▸ INFORMATION:
· · · · ·

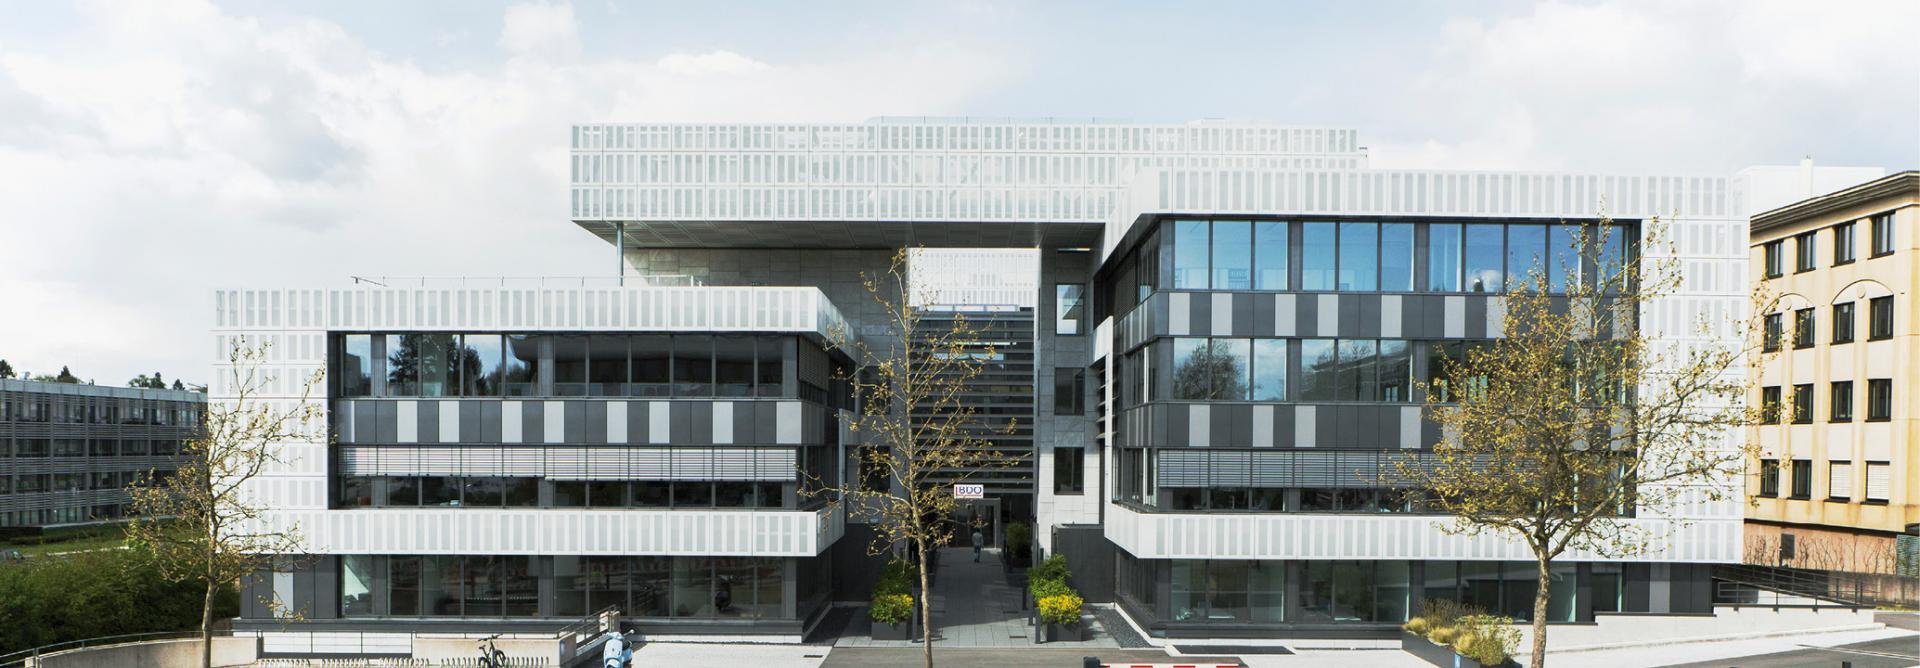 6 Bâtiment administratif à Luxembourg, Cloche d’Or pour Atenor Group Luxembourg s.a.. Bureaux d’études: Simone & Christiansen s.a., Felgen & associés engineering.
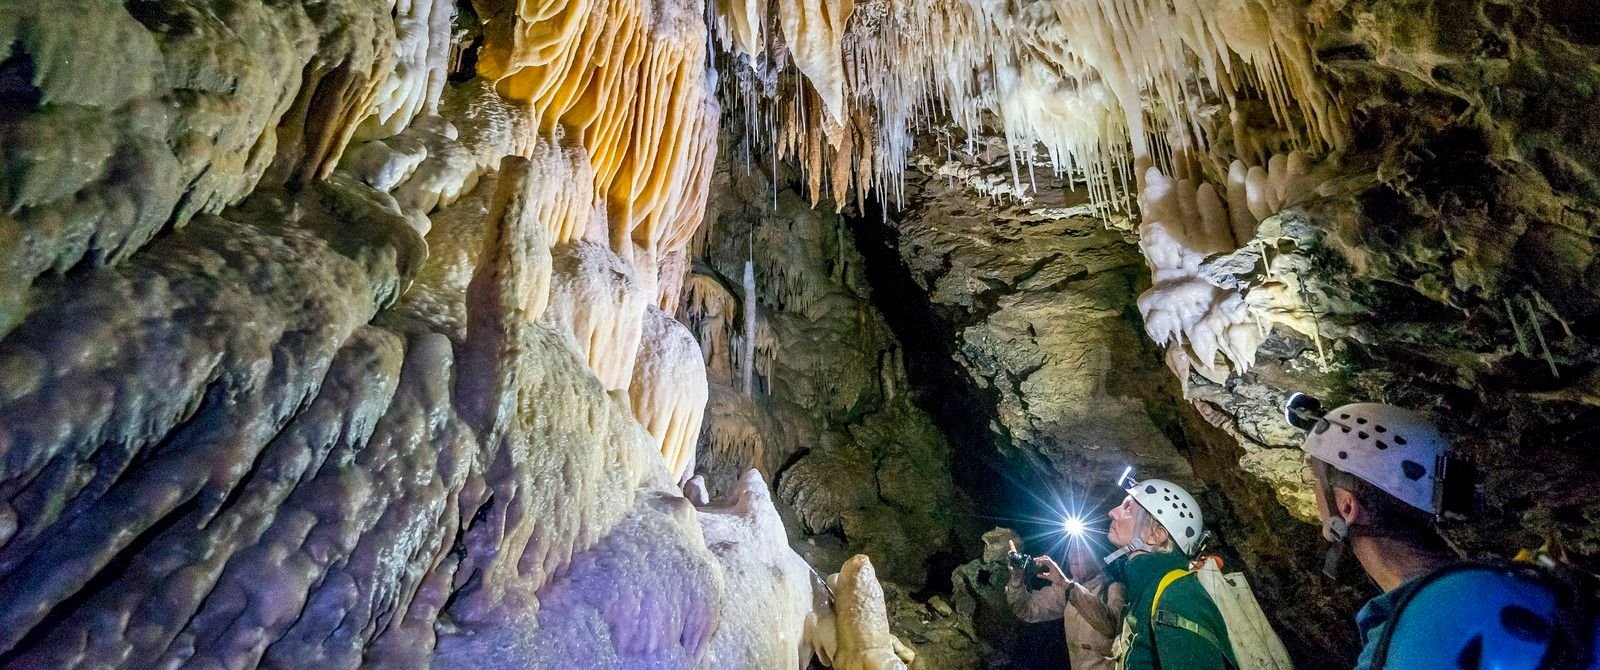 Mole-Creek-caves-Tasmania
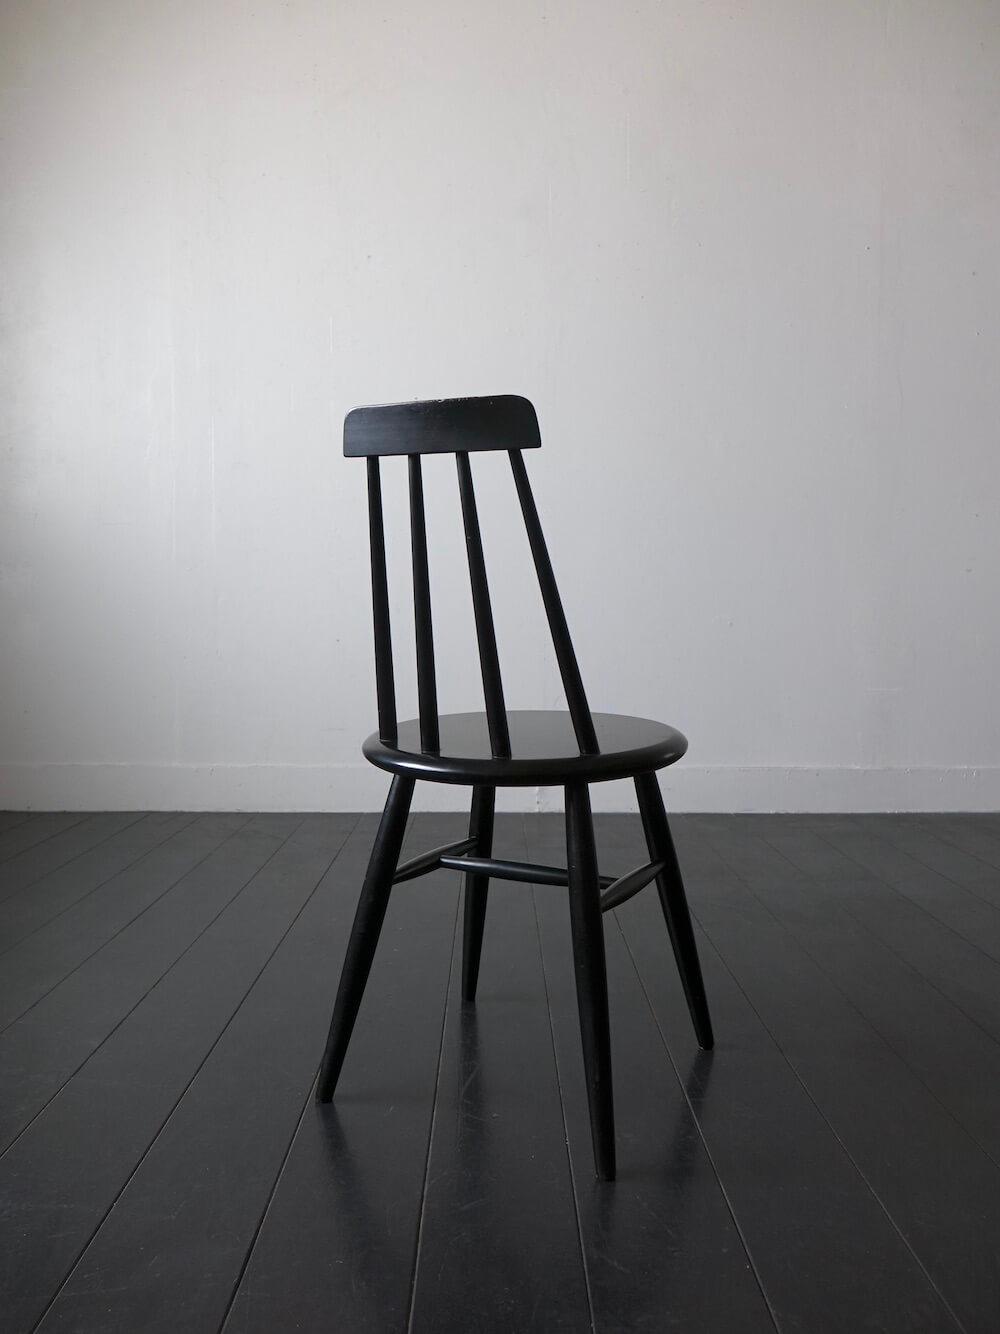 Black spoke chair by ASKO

· · · · ·

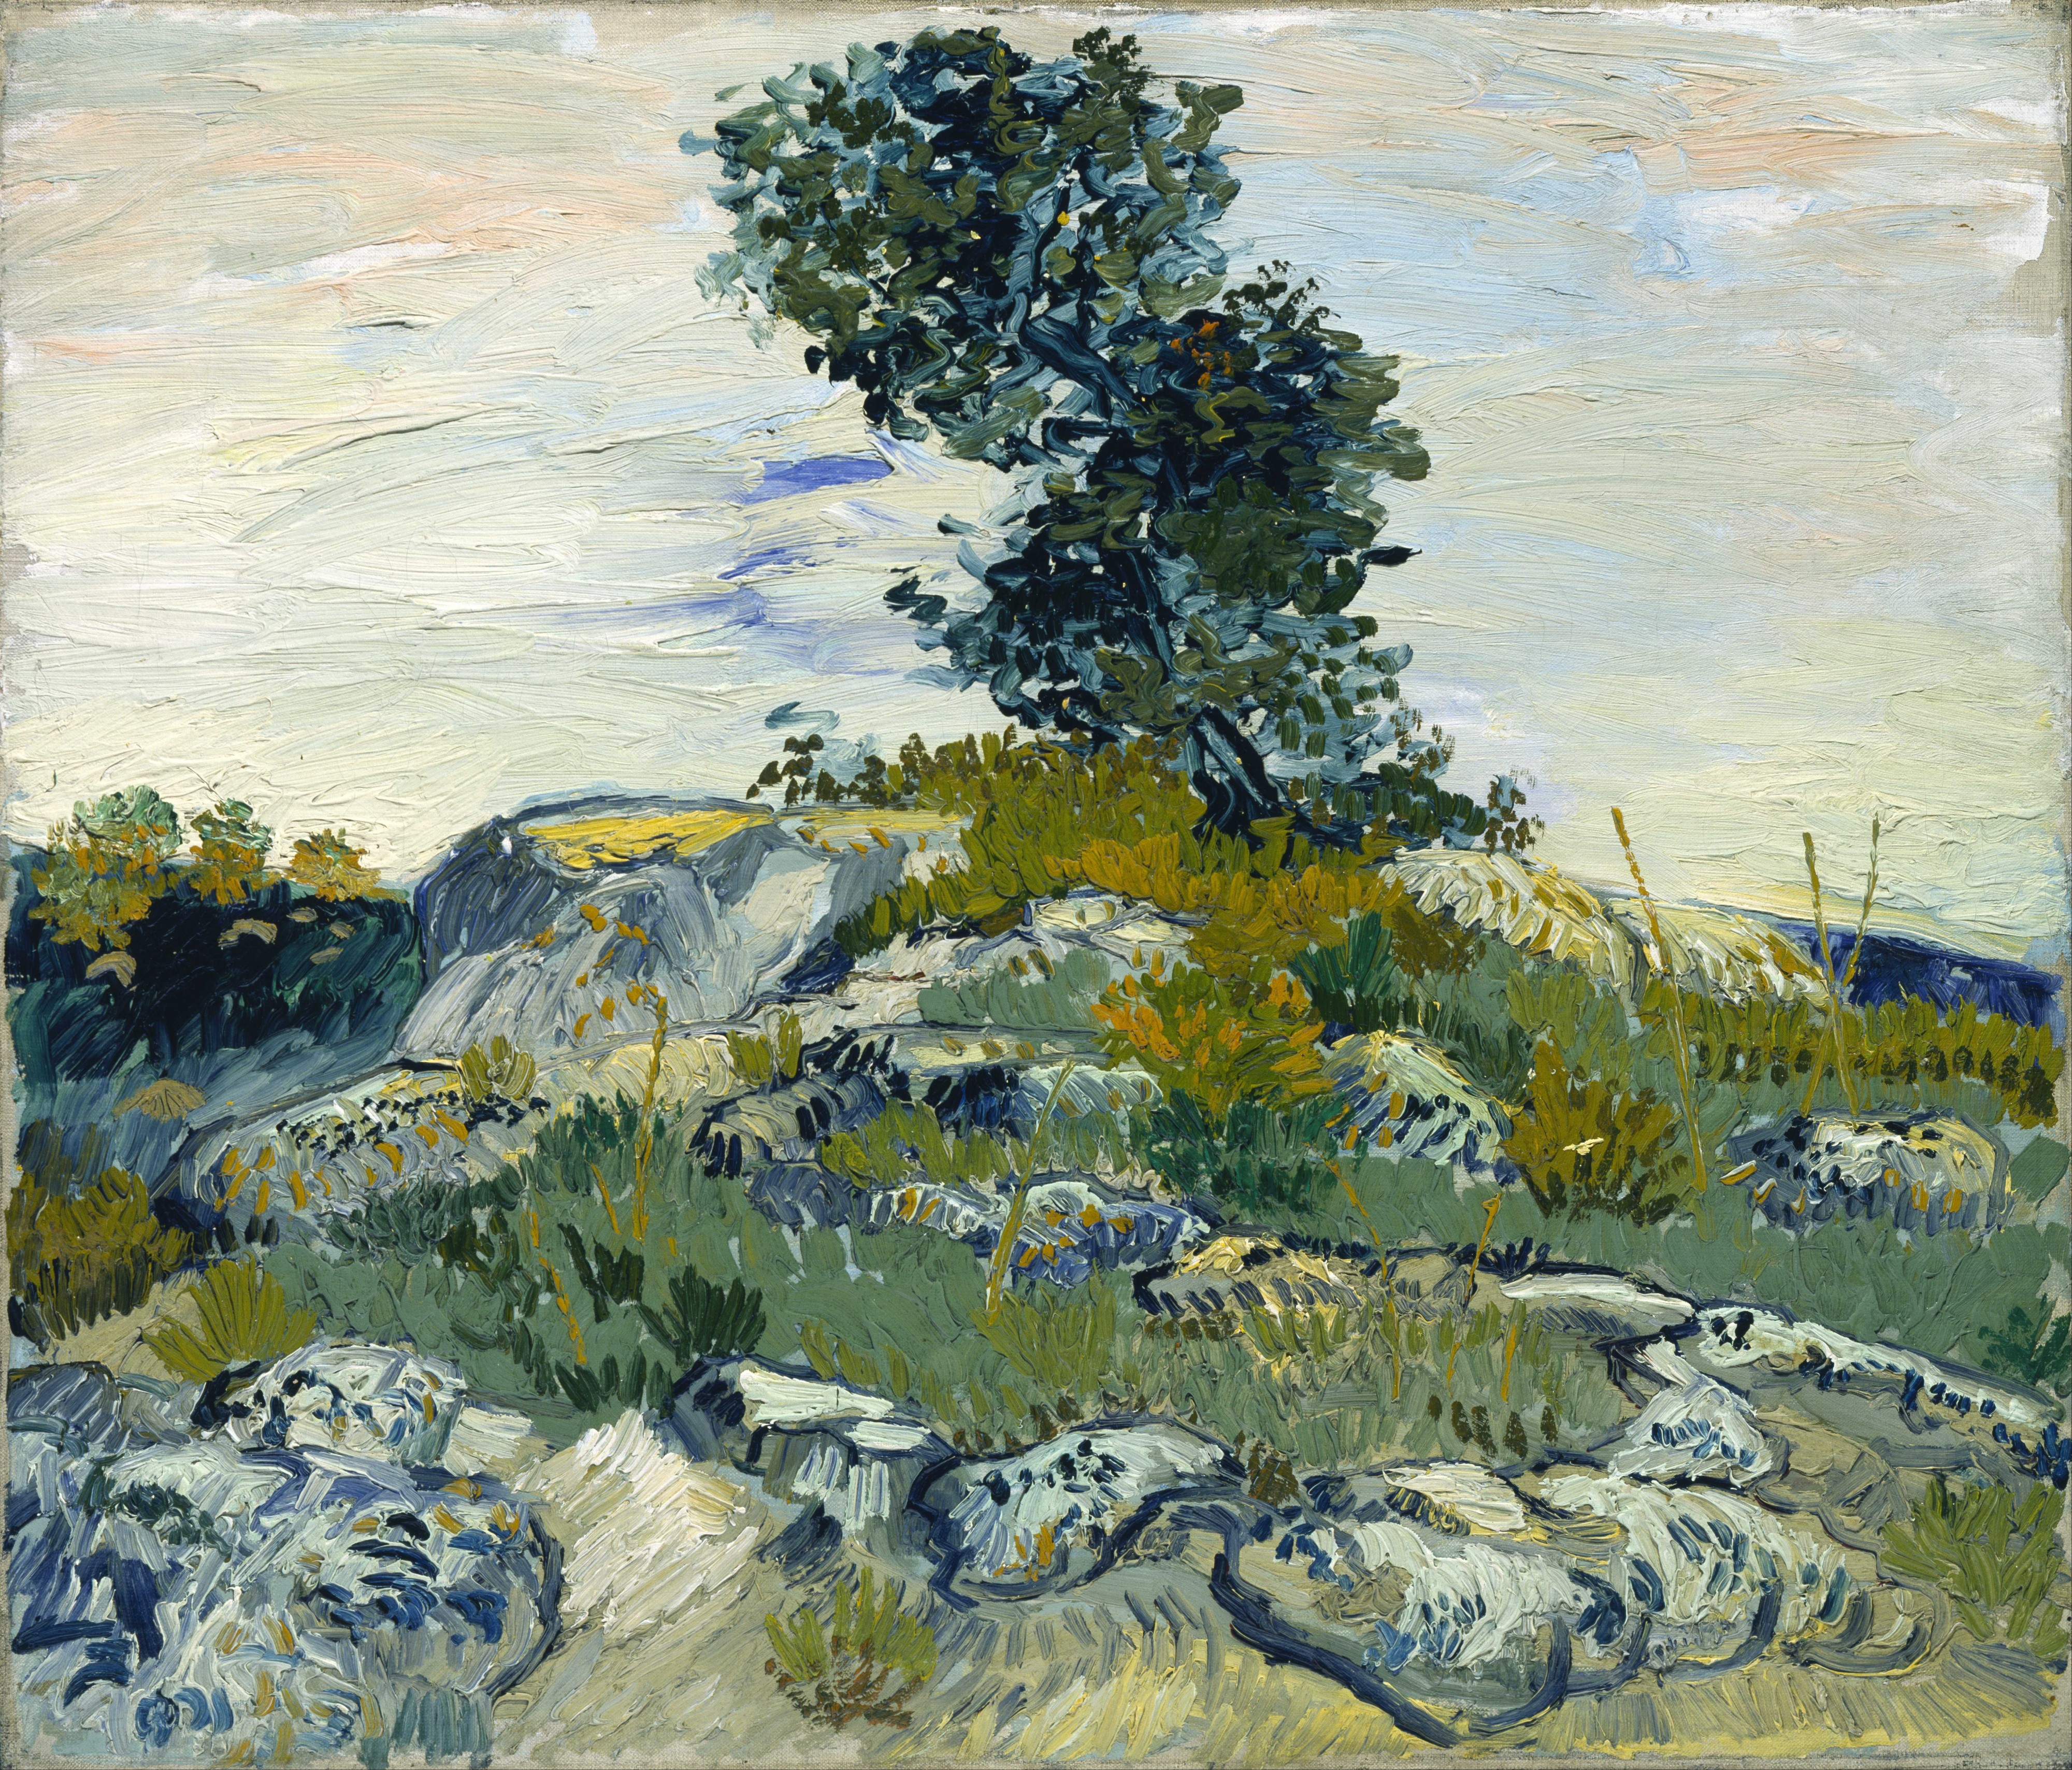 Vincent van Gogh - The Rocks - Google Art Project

· · · · ·

▸ WHAT THIS TASK INVOLVES: What is needed is an exact copy of the lines above from the one with "6 Bâtiment administratif" to the one with "Black spoke chair by ASKO", both ends kept, and nothing more; please leave the pictures out.

▸ TASK ANSWER:
 6 Bâtiment administratif à Luxembourg, Cloche d’Or pour Atenor Group Luxembourg s.a.. Bureaux d’études: Simone & Christiansen s.a., Felgen & associés engineering.
 Mole-Creek-caves-Tasmania
 Black spoke chair by ASKO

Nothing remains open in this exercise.